*DESCRIPTION OF THE TASK*
Would you repeat exactly the part of the listing below that runs from the line containing "Mobile lavabo angolare" down to the line containing "Grand couloir traversant une maison en bois", inclusive, and nothing else?

*DATASET EXTRACT*
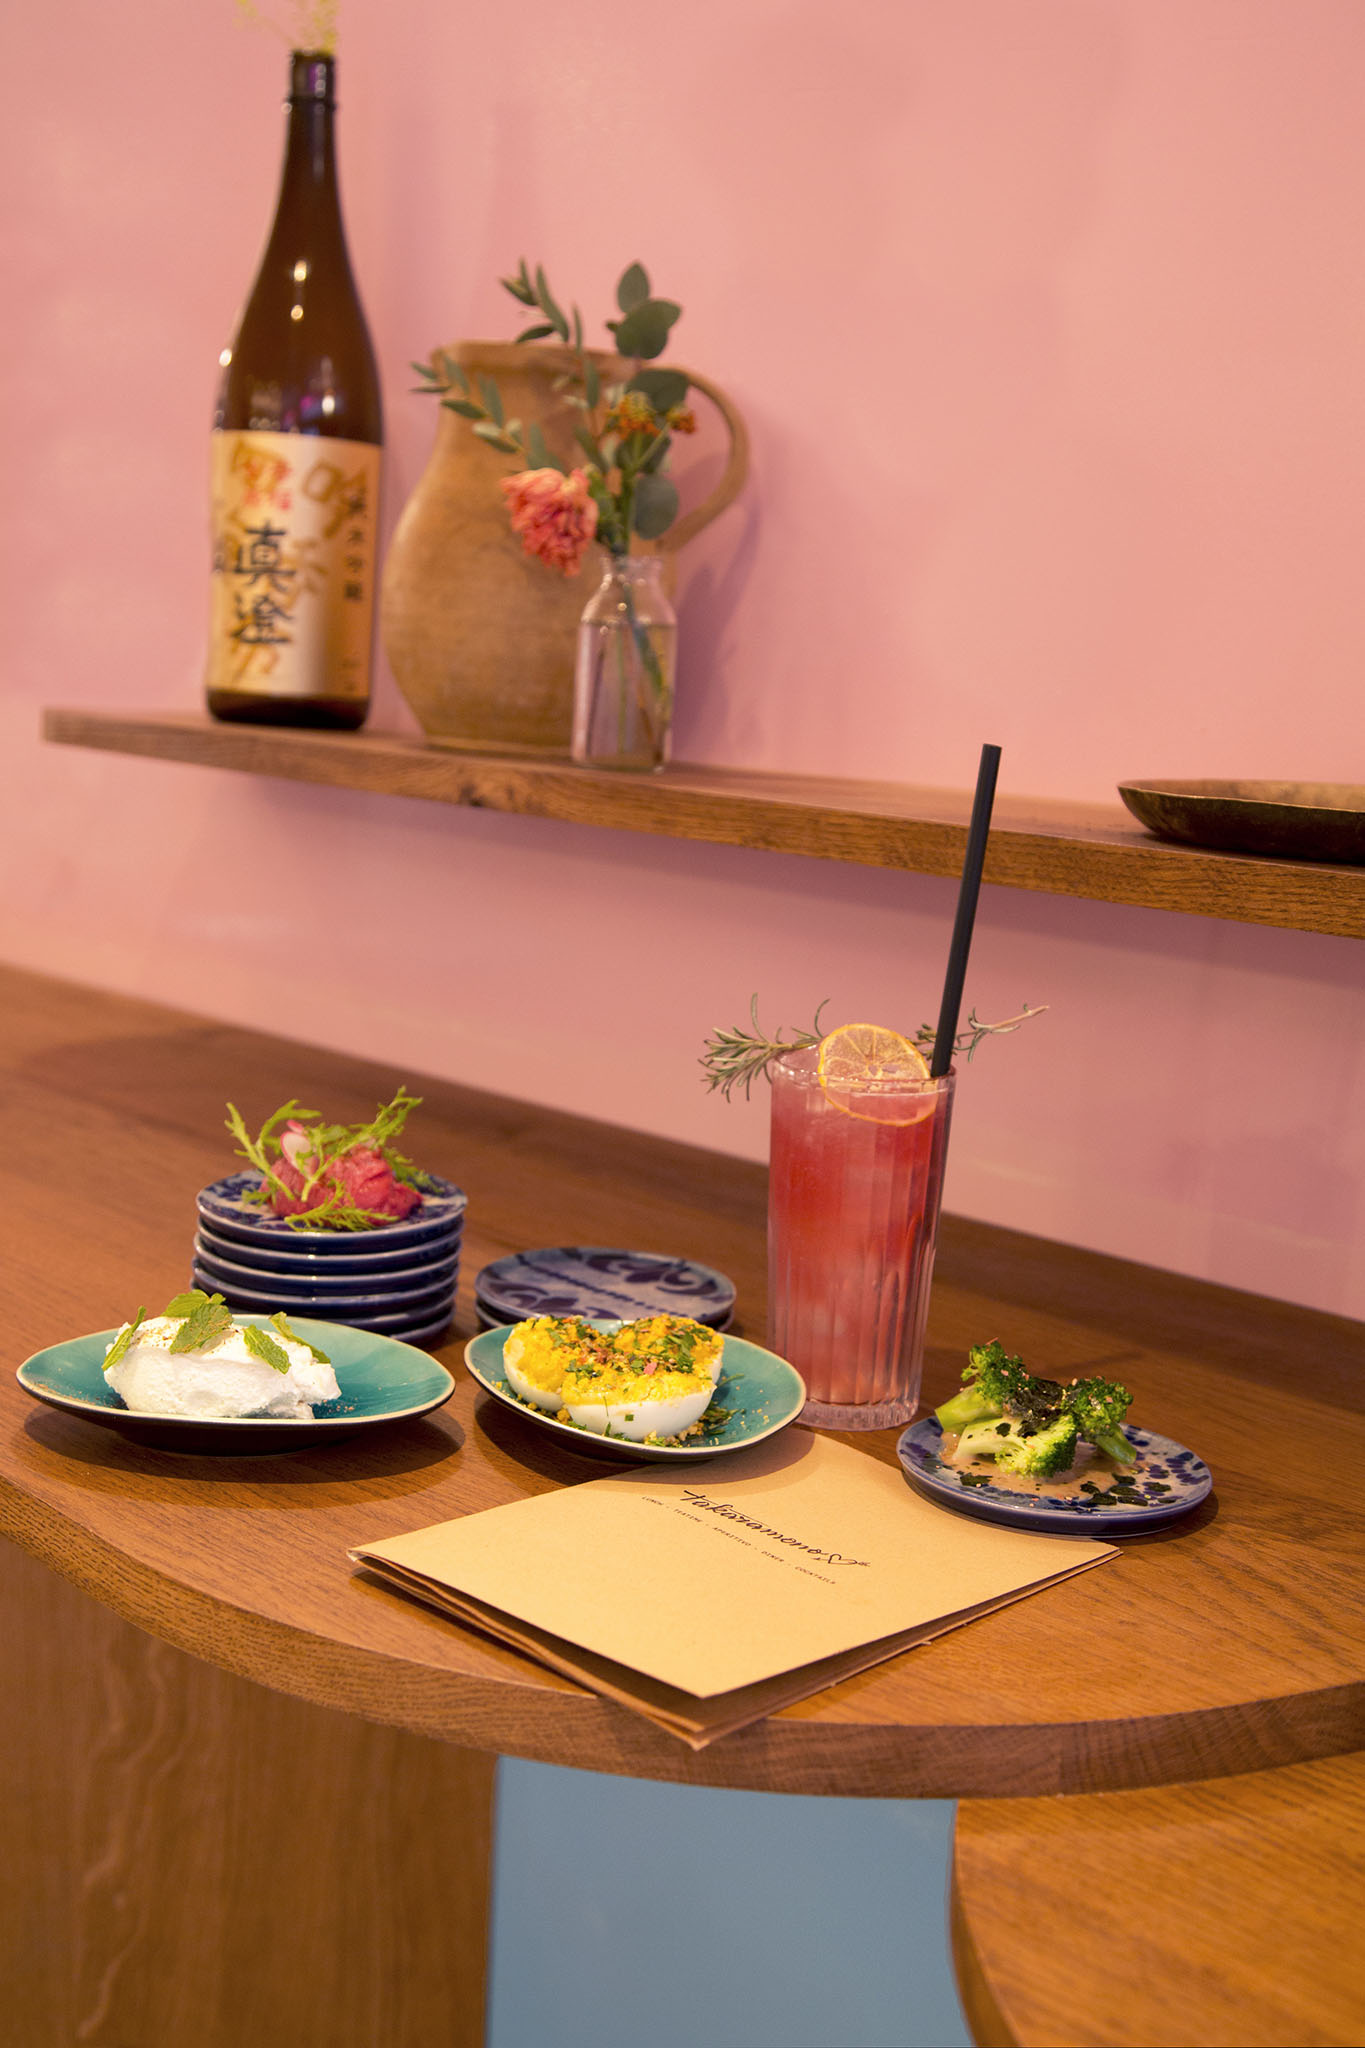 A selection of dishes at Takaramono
--
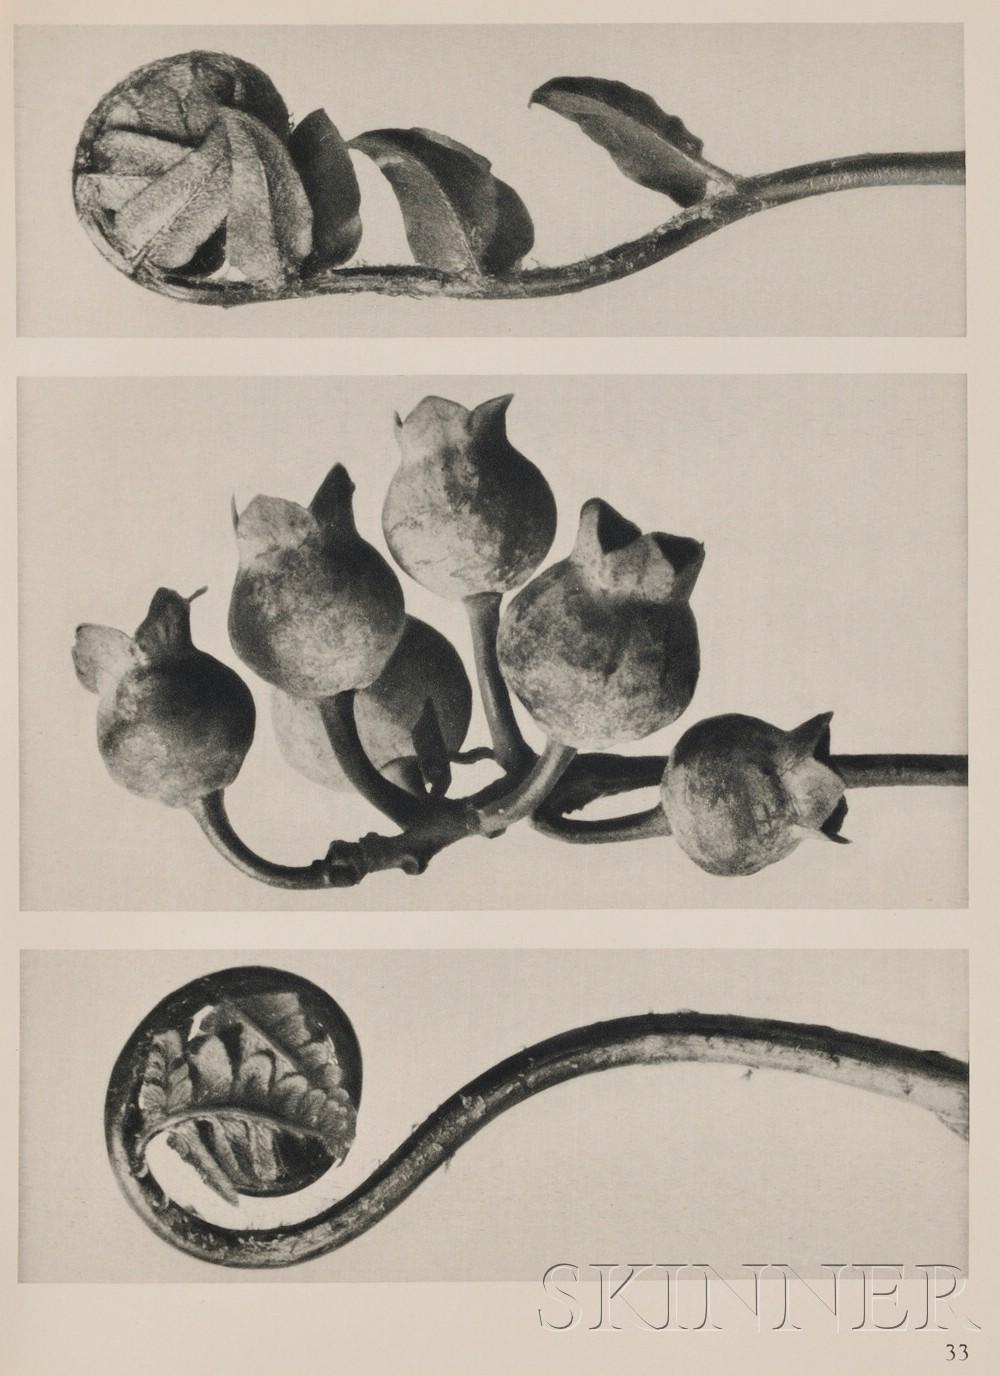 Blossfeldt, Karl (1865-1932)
==
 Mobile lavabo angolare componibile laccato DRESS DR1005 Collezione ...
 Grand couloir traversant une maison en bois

*EXERCISE RESPONSE*
 Mobile lavabo angolare componibile laccato DRESS DR1005 Collezione ...
 Grand couloir traversant une maison en bois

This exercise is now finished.